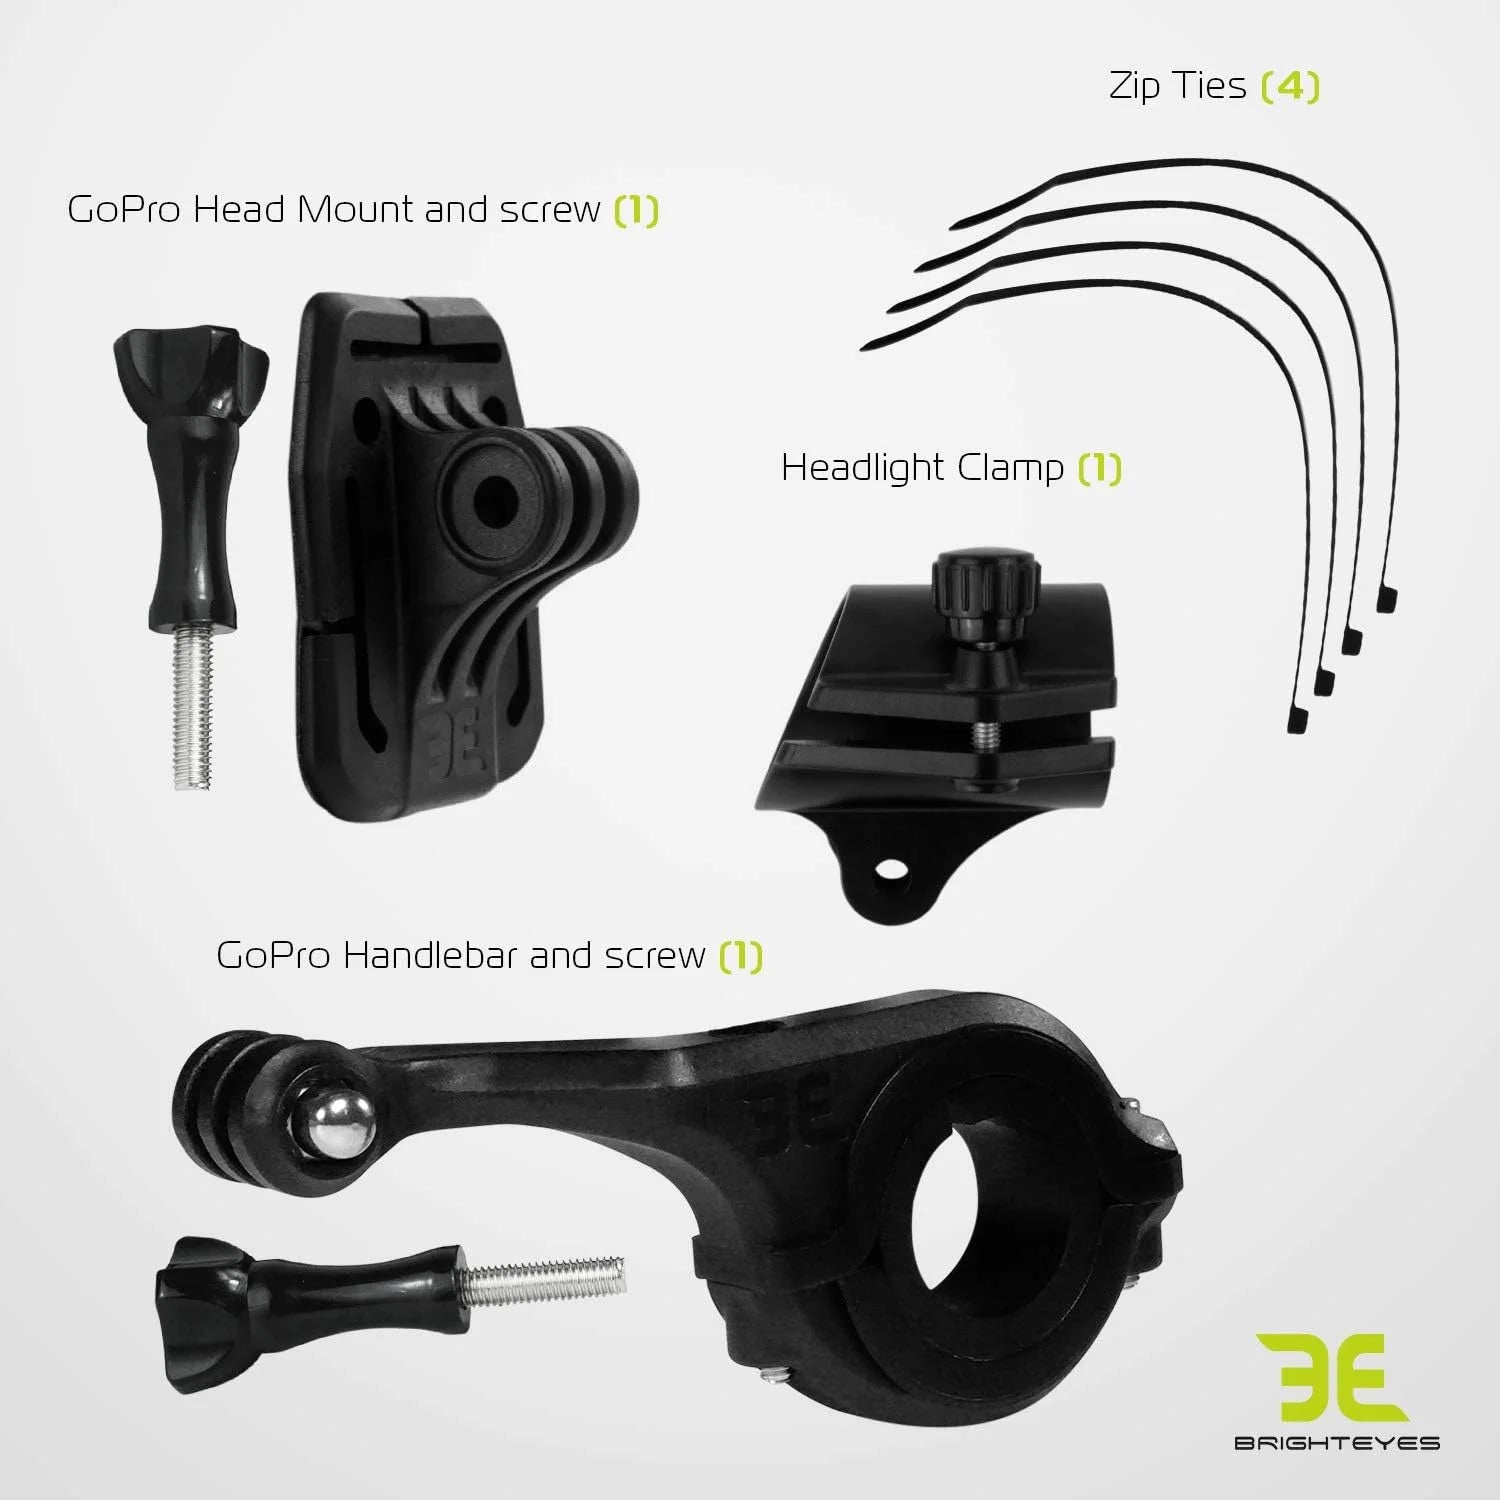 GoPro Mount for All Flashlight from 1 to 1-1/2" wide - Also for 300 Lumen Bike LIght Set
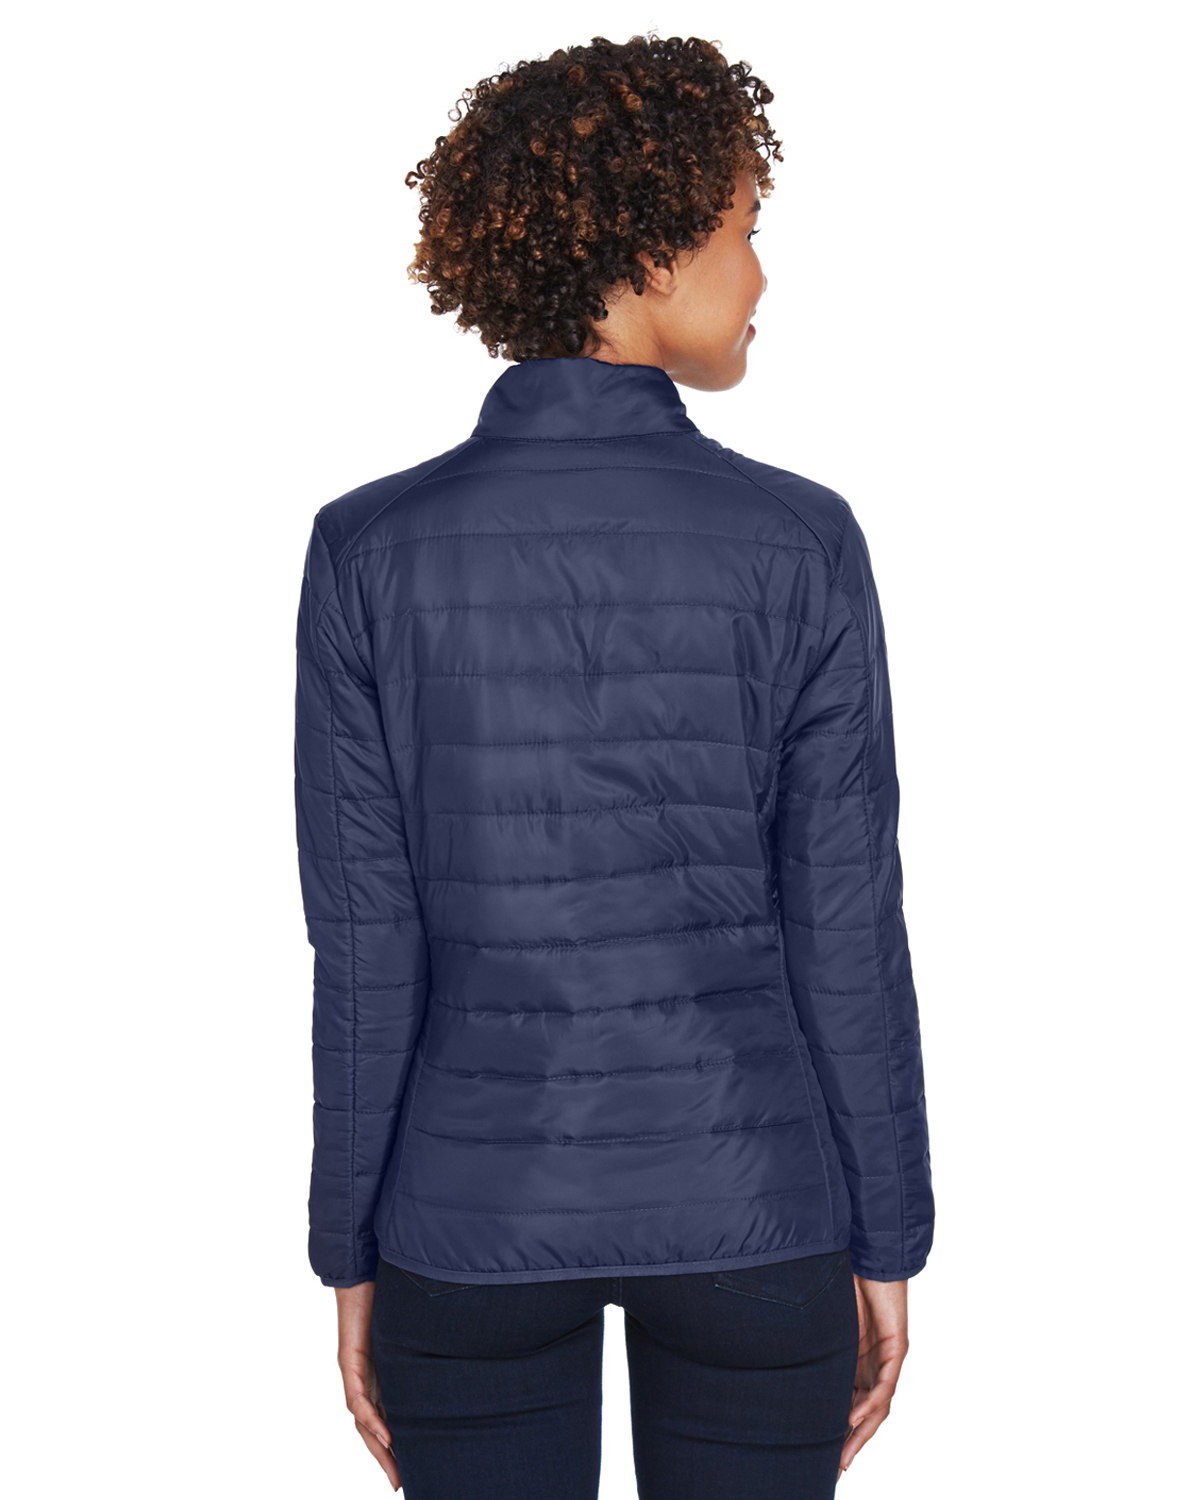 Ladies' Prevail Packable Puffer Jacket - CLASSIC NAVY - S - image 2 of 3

==

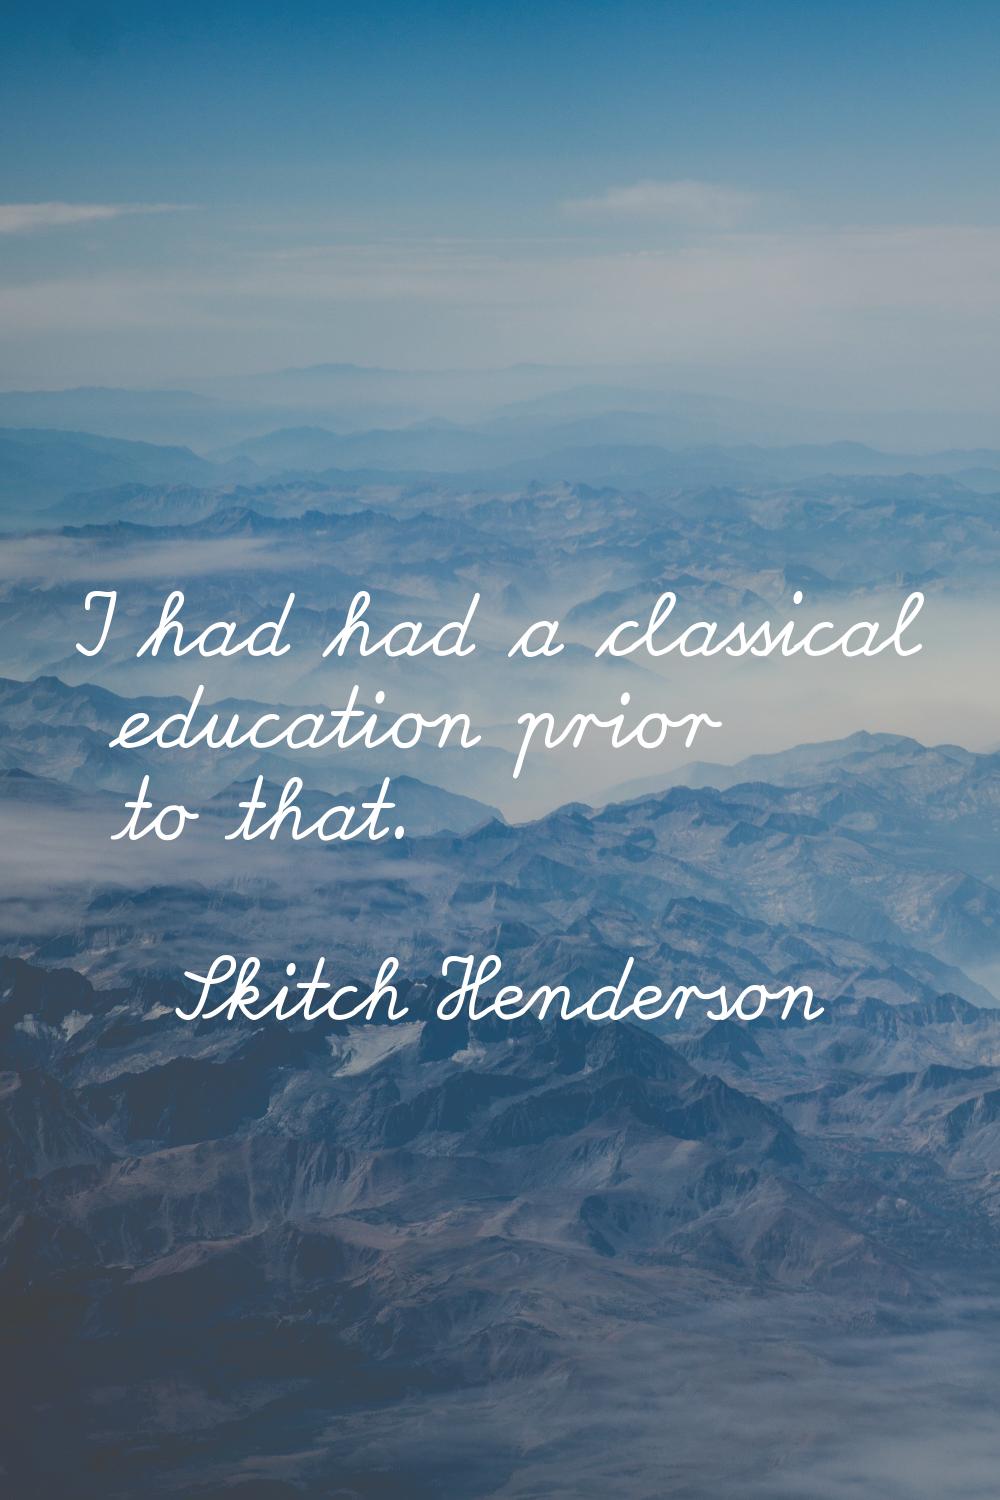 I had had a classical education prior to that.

**EXERCISE DESCRIPTION:**
With the pictures left out, write out exactly the lines above from the one containing "GoPro Mount for" through the one containing "Ladies' Prevail Packable".

**EXERCISE RESULT:**
 GoPro Mount for All Flashlight from 1 to 1-1/2" wide - Also for 300 Lumen Bike LIght Set
 Ladies' Prevail Packable Puffer Jacket - CLASSIC NAVY - S - image 2 of 3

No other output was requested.